Task statement: Using the material below, print a verbatim copy of every line from the one containing "American Revolution Playing Cards Set" through the one containing "Oriental pictures on", inclusive, and omit the pictures.

Excerpted data:
* * * * * * *

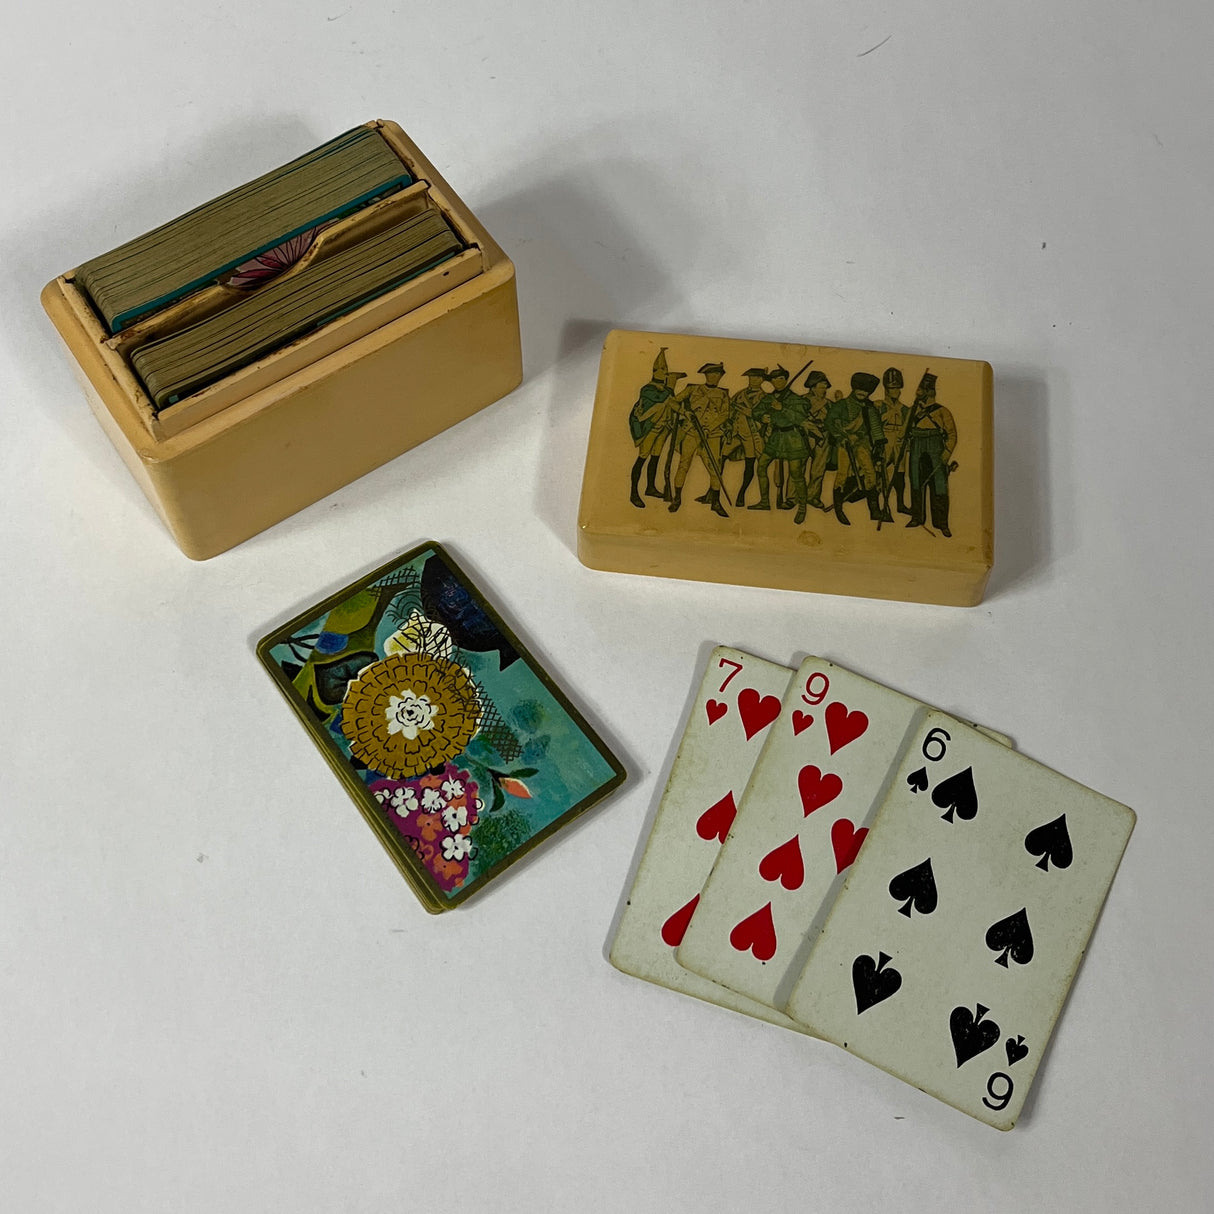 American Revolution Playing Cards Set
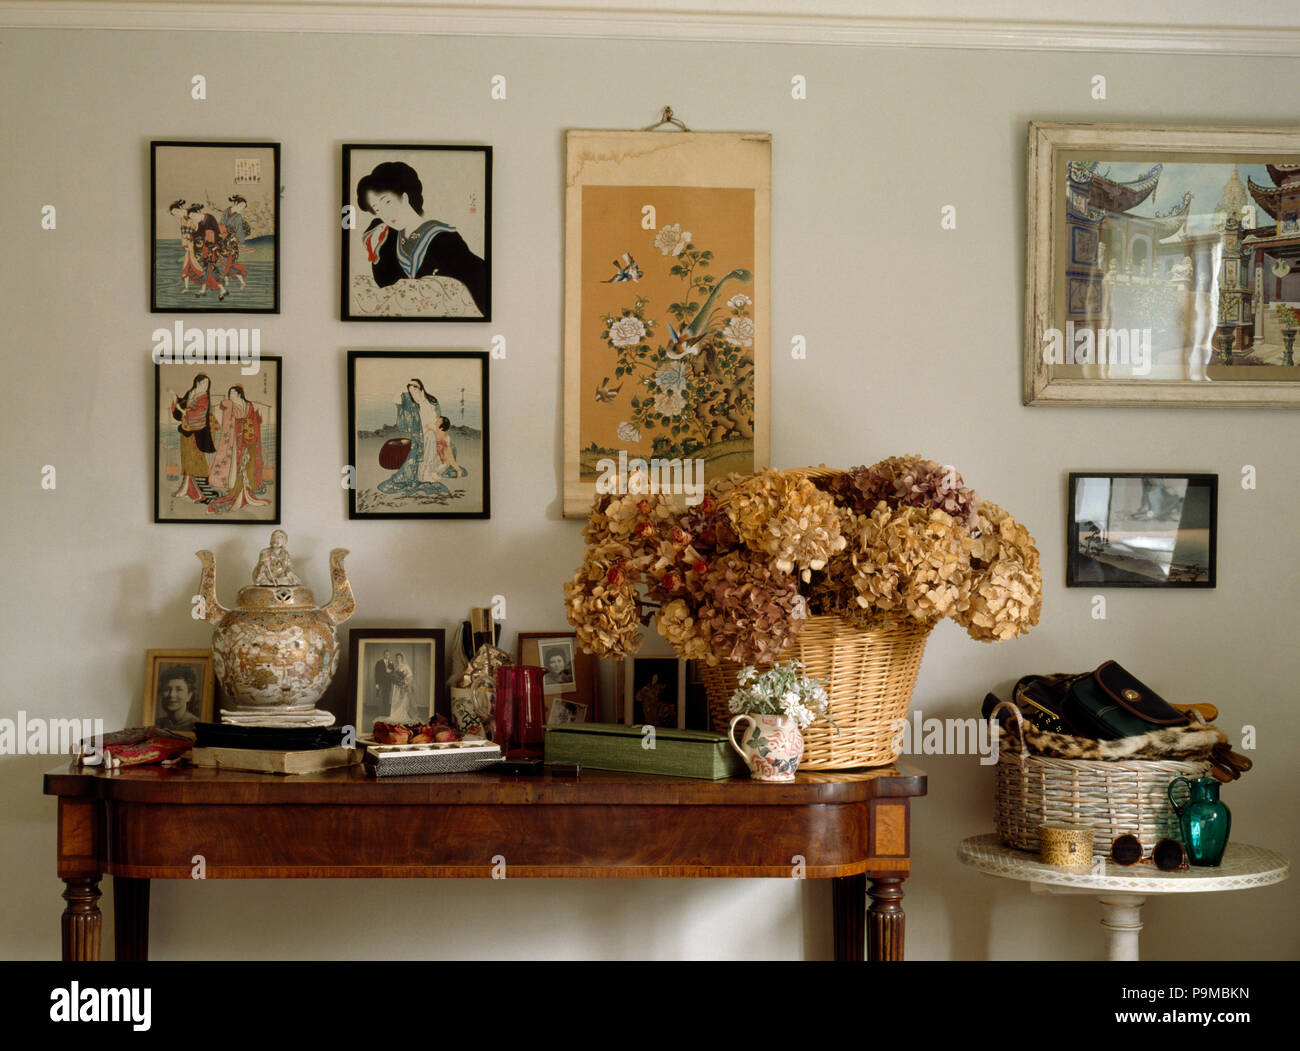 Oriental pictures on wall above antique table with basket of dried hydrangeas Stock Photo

* * * * * * *

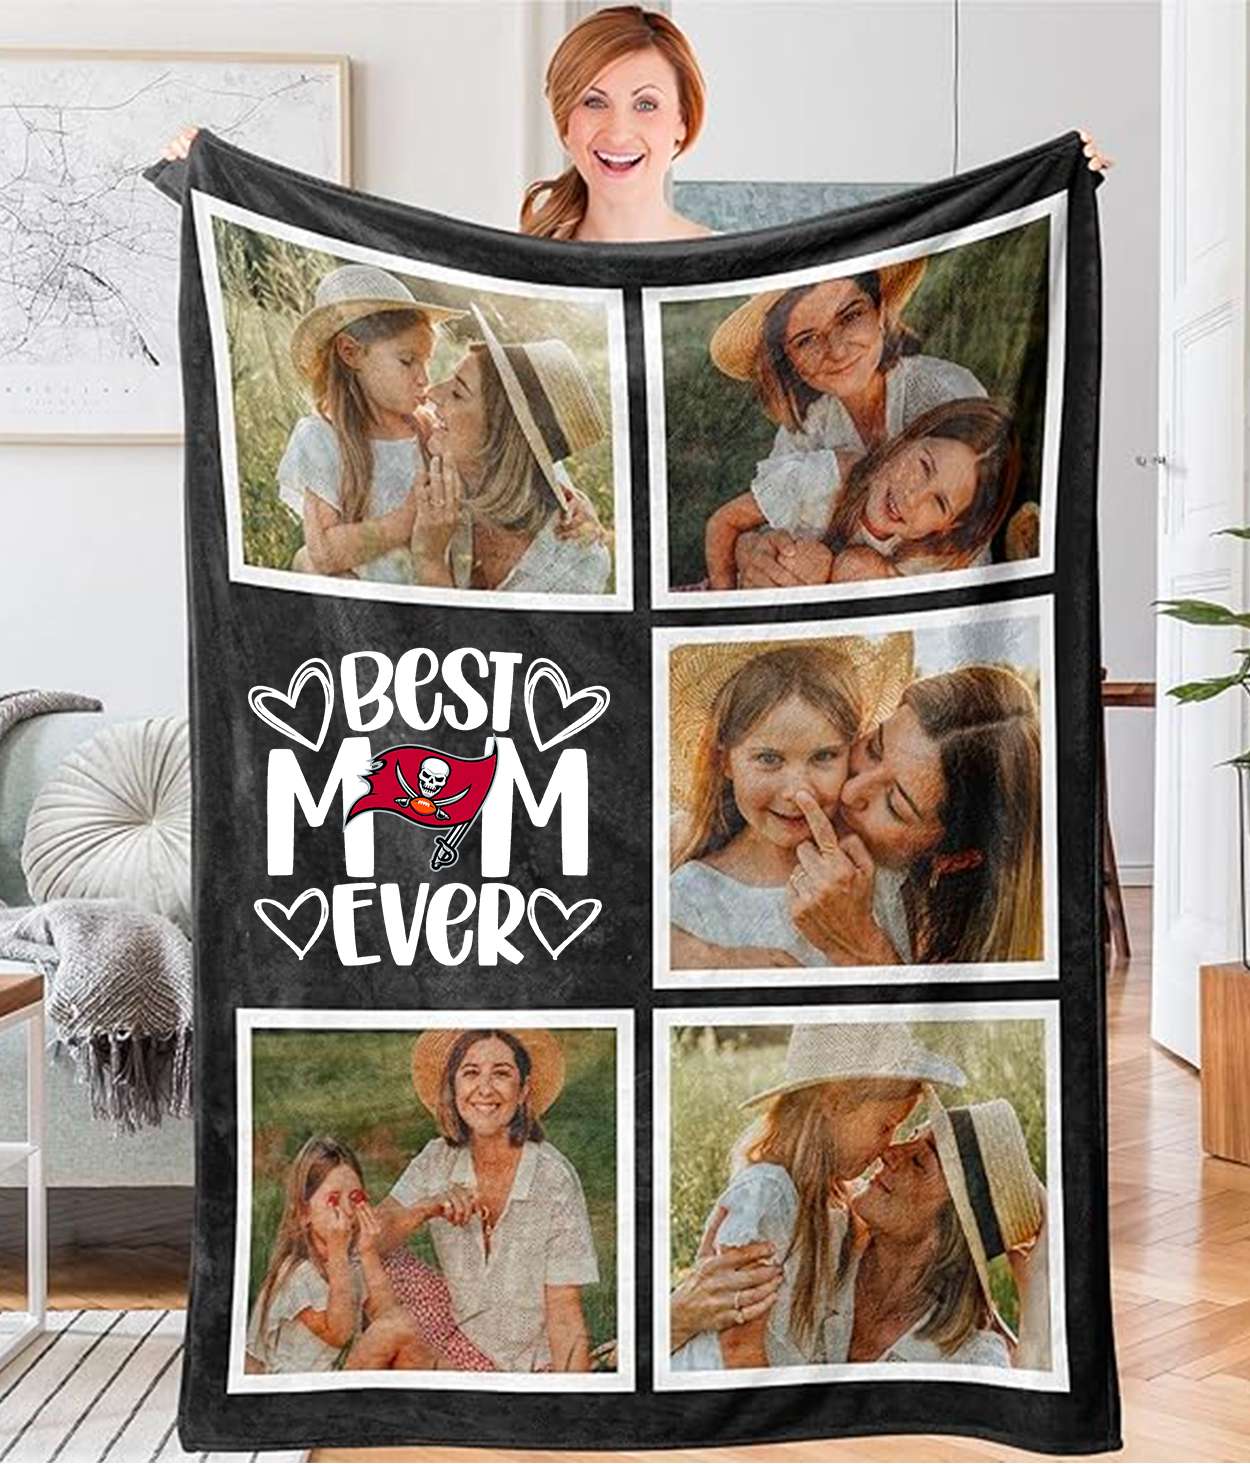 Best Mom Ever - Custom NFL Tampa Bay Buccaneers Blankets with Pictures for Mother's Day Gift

* * * * * * *

Reply to the task:
 American Revolution Playing Cards Set
 Oriental pictures on wall above antique table with basket of dried hydrangeas Stock Photo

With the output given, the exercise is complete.